§ Input data:
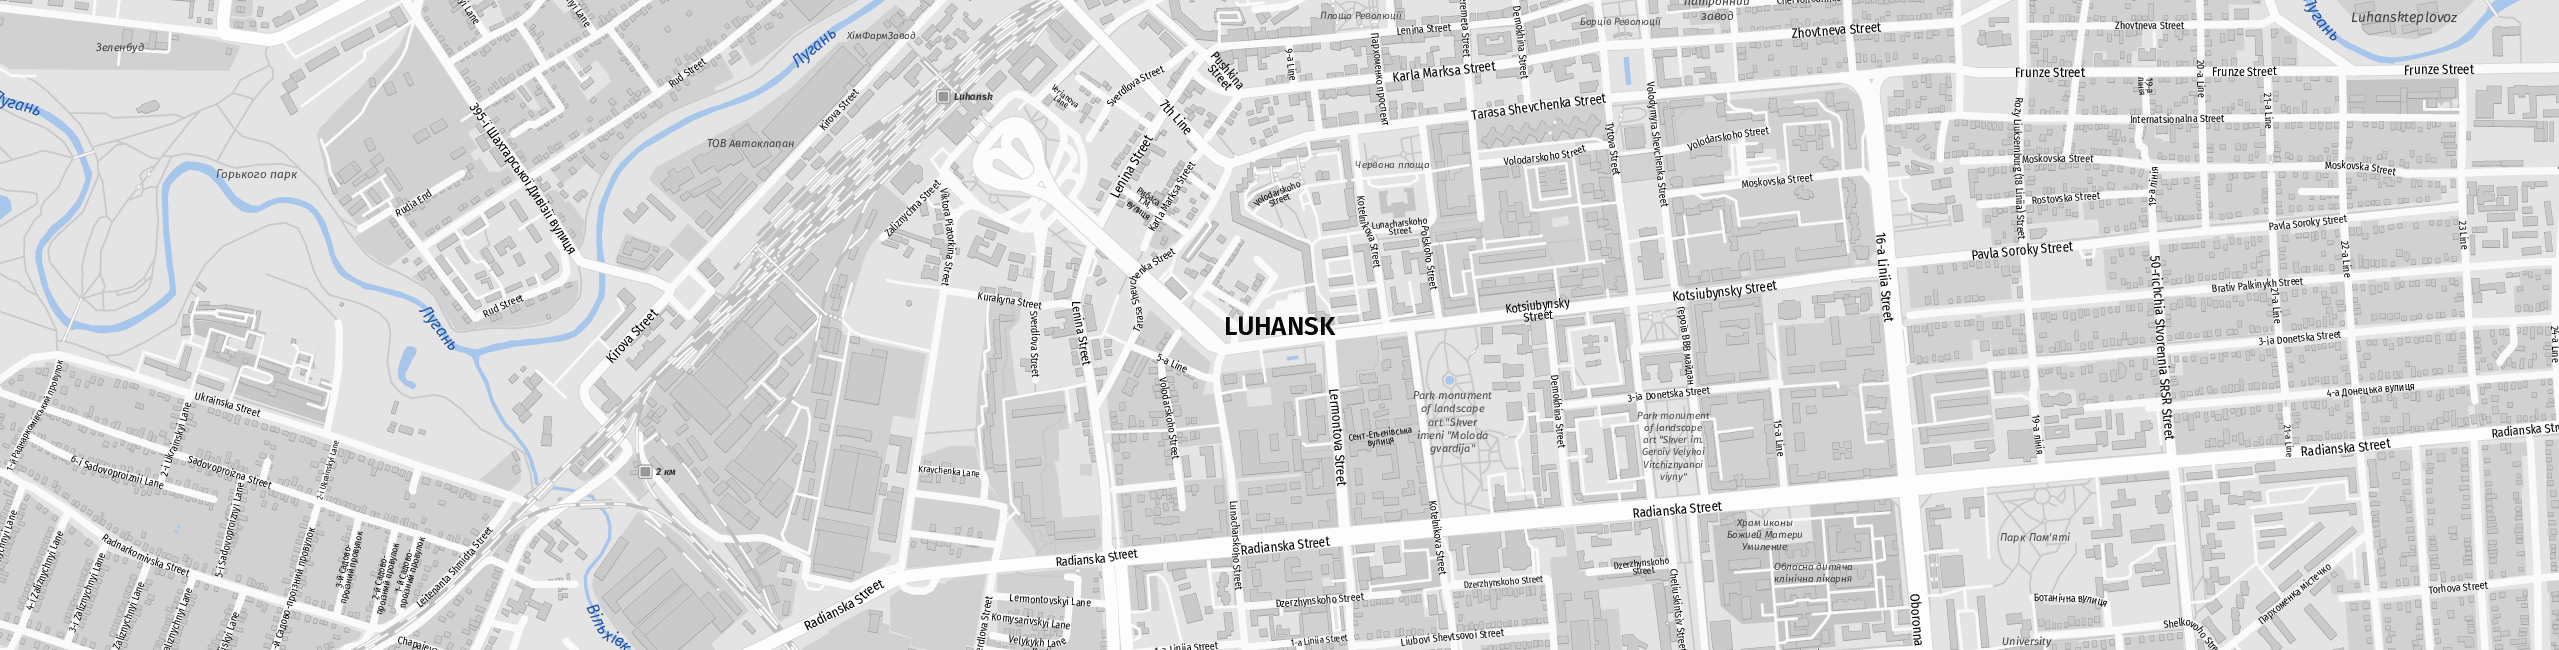 Stadtplan Luhansk zum Downloaden.
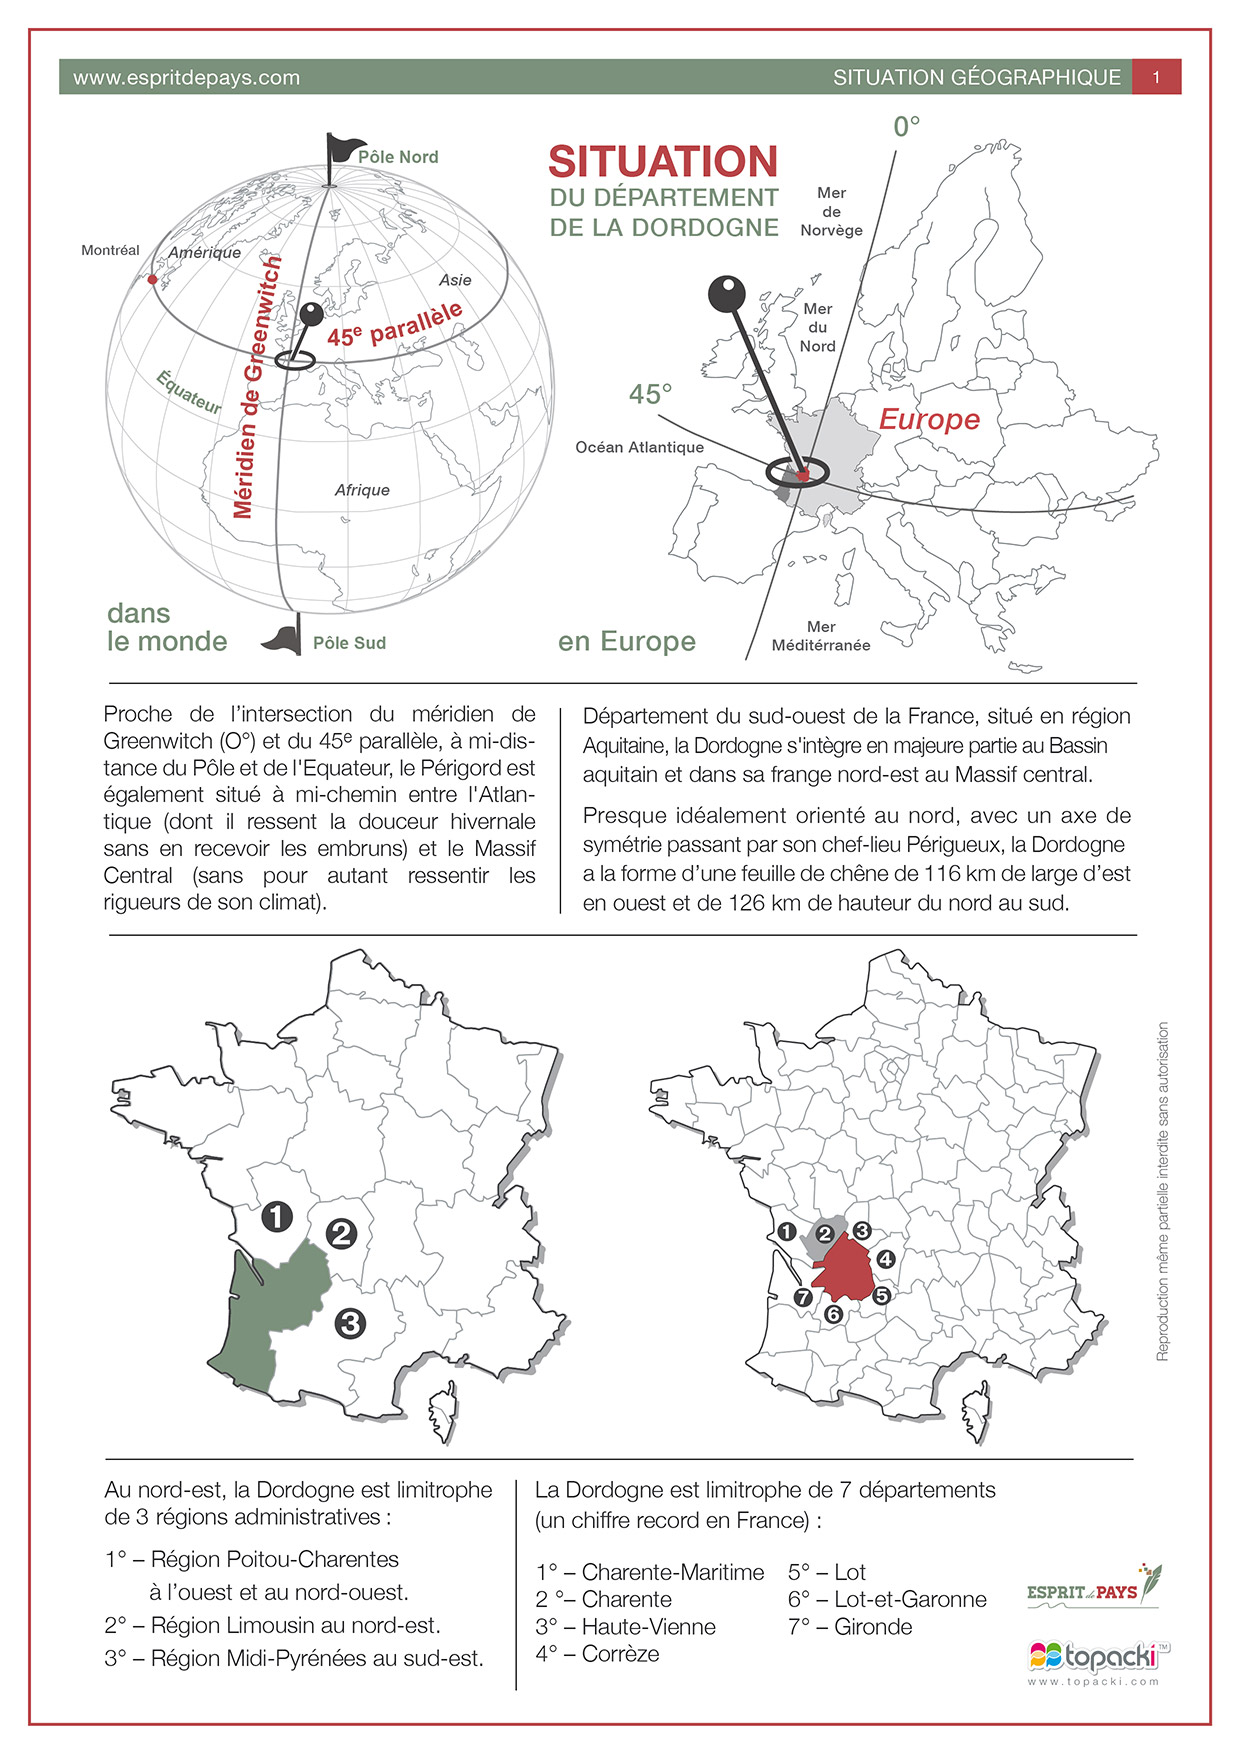 Cartographie : situation du département de la Dordogne
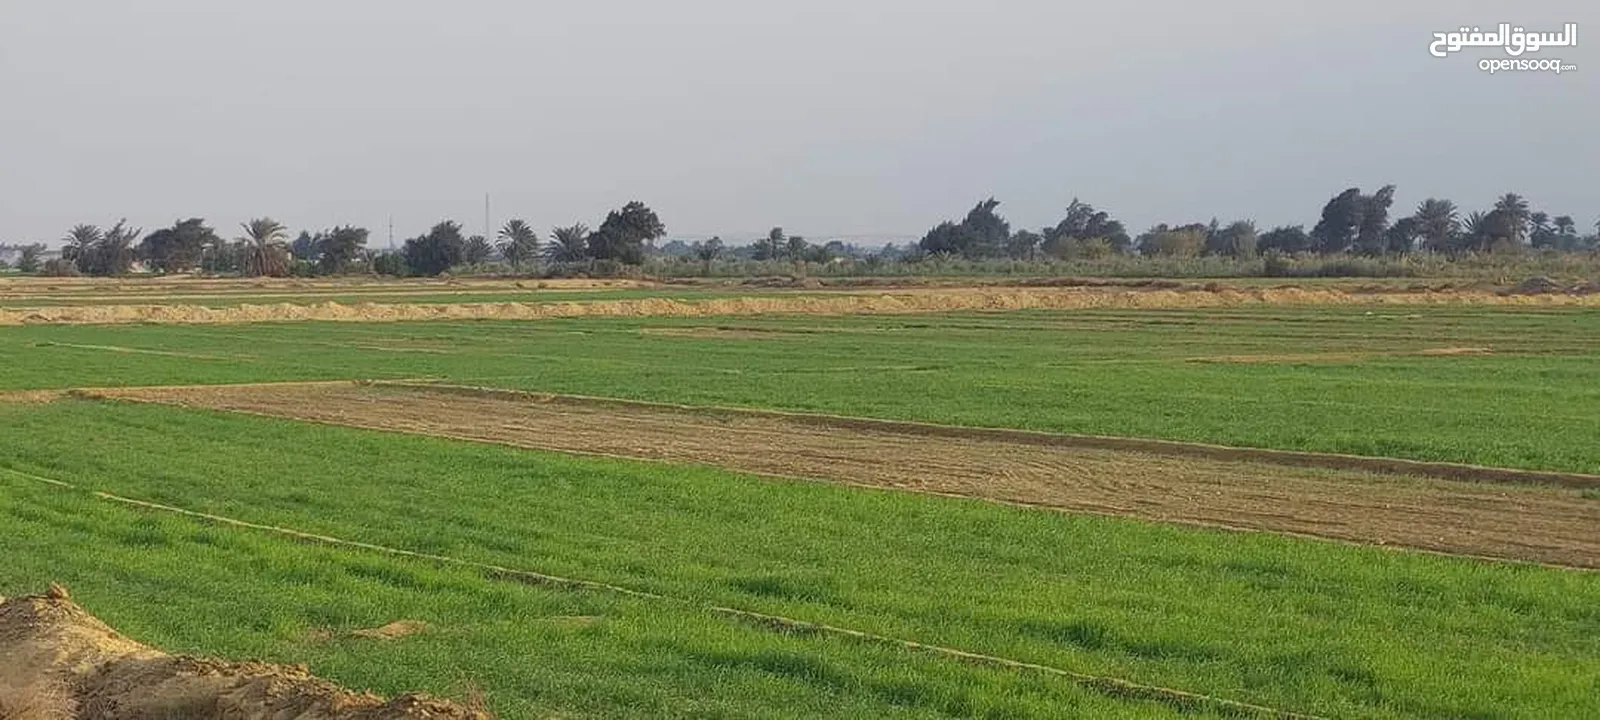 مزرعة 2 هكتار للبيع في وادي الربيع البازيد بالقرب من المسجد الاخضر بسعر كزيوني
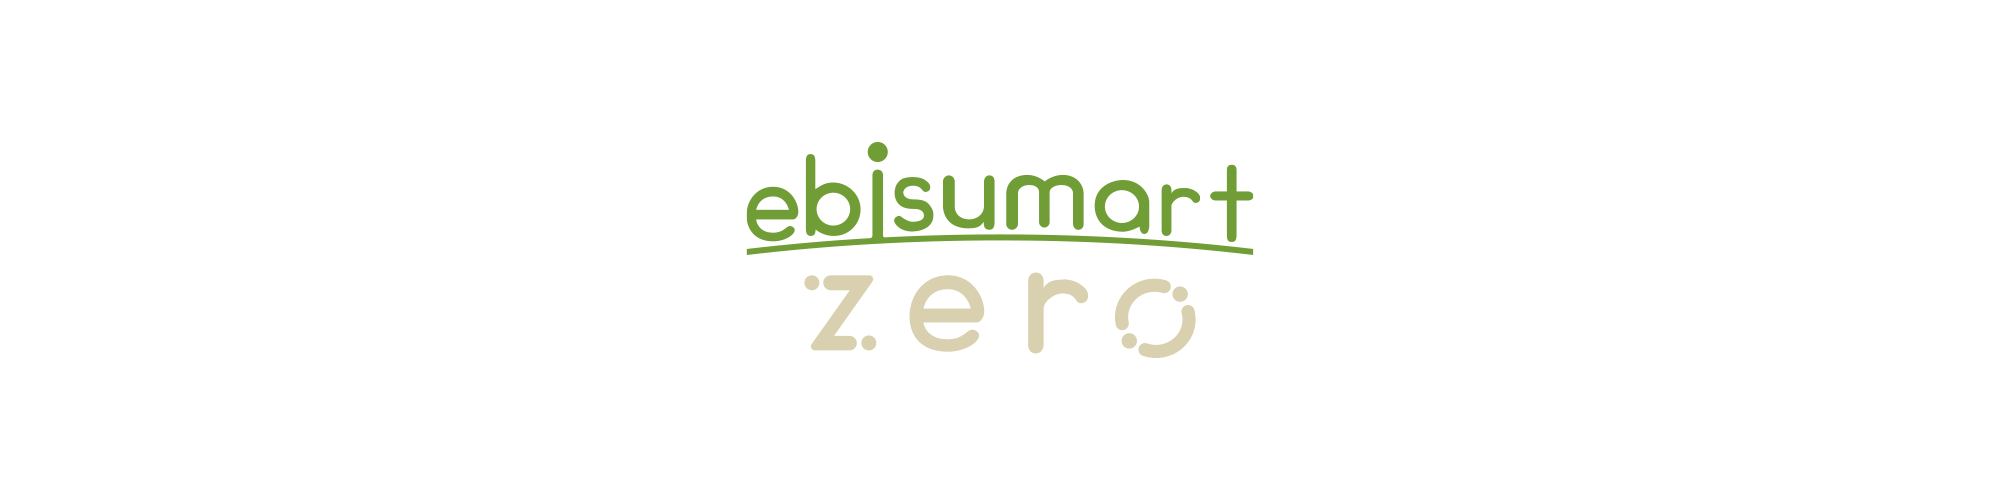 新サービス「ebisumart zero」を提供開始  ~ebisumartの最新性と安心性はそのままに、スマートかつスピーディーにECサイト構築が可能~
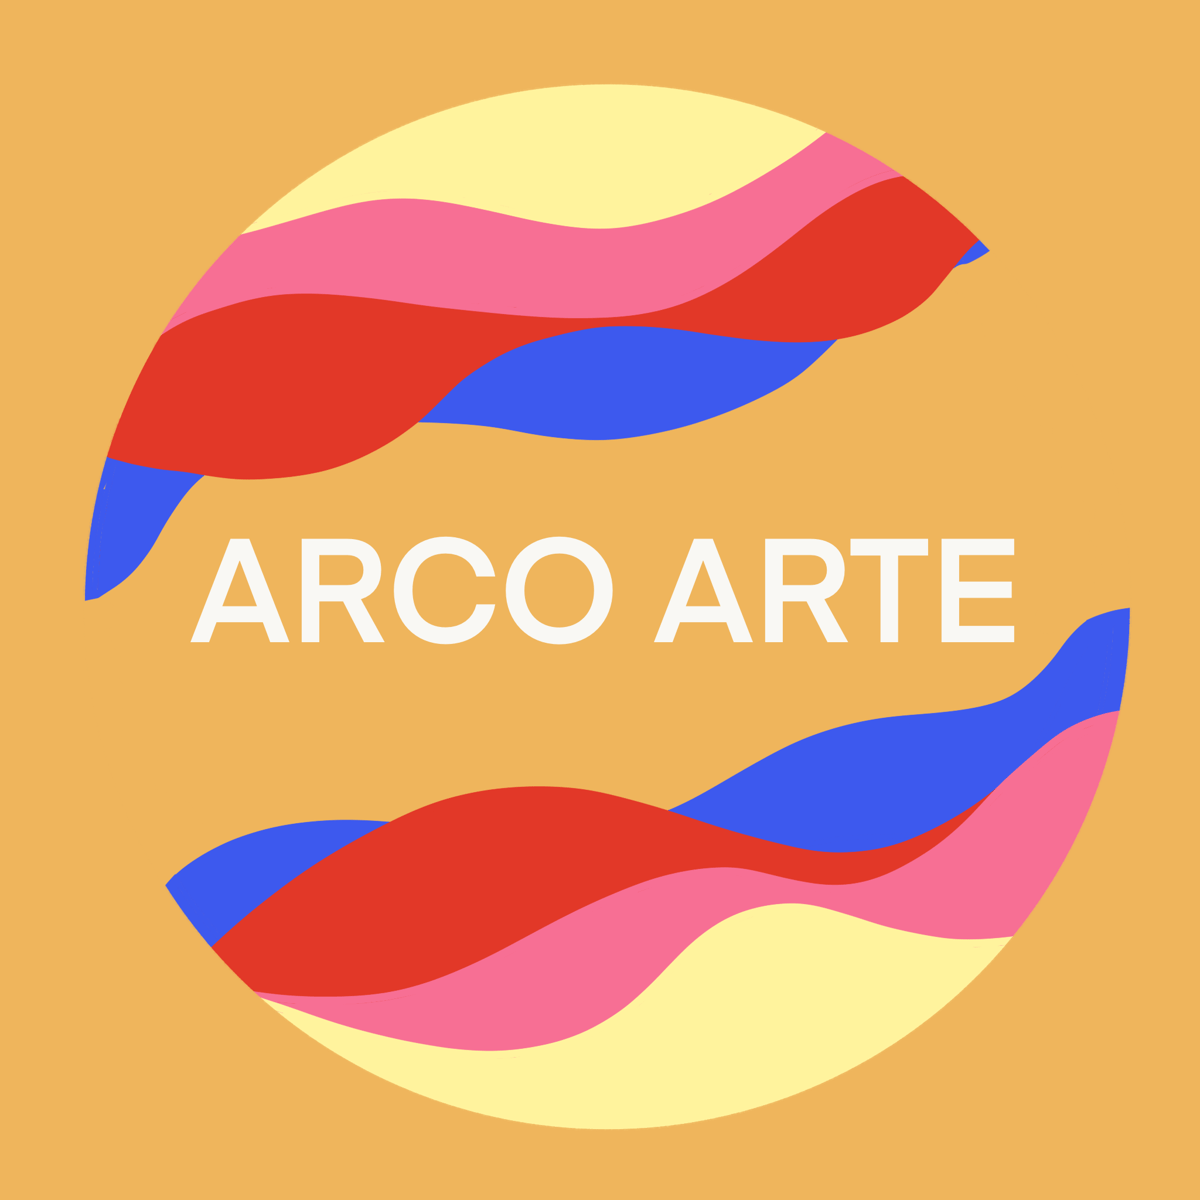 Arco Arte

§ Exercise prompt:
No pictures belong in the copy. Transcribe every entry exactly.

§ Output for this exercise:
 Stadtplan Luhansk zum Downloaden.
 Cartographie : situation du département de la Dordogne
 مزرعة 2 هكتار للبيع في وادي الربيع البازيد بالقرب من المسجد الاخضر بسعر كزيوني
 新サービス「ebisumart zero」を提供開始  ~ebisumartの最新性と安心性はそのままに、スマートかつスピーディーにECサイト構築が可能~
 Arco Arte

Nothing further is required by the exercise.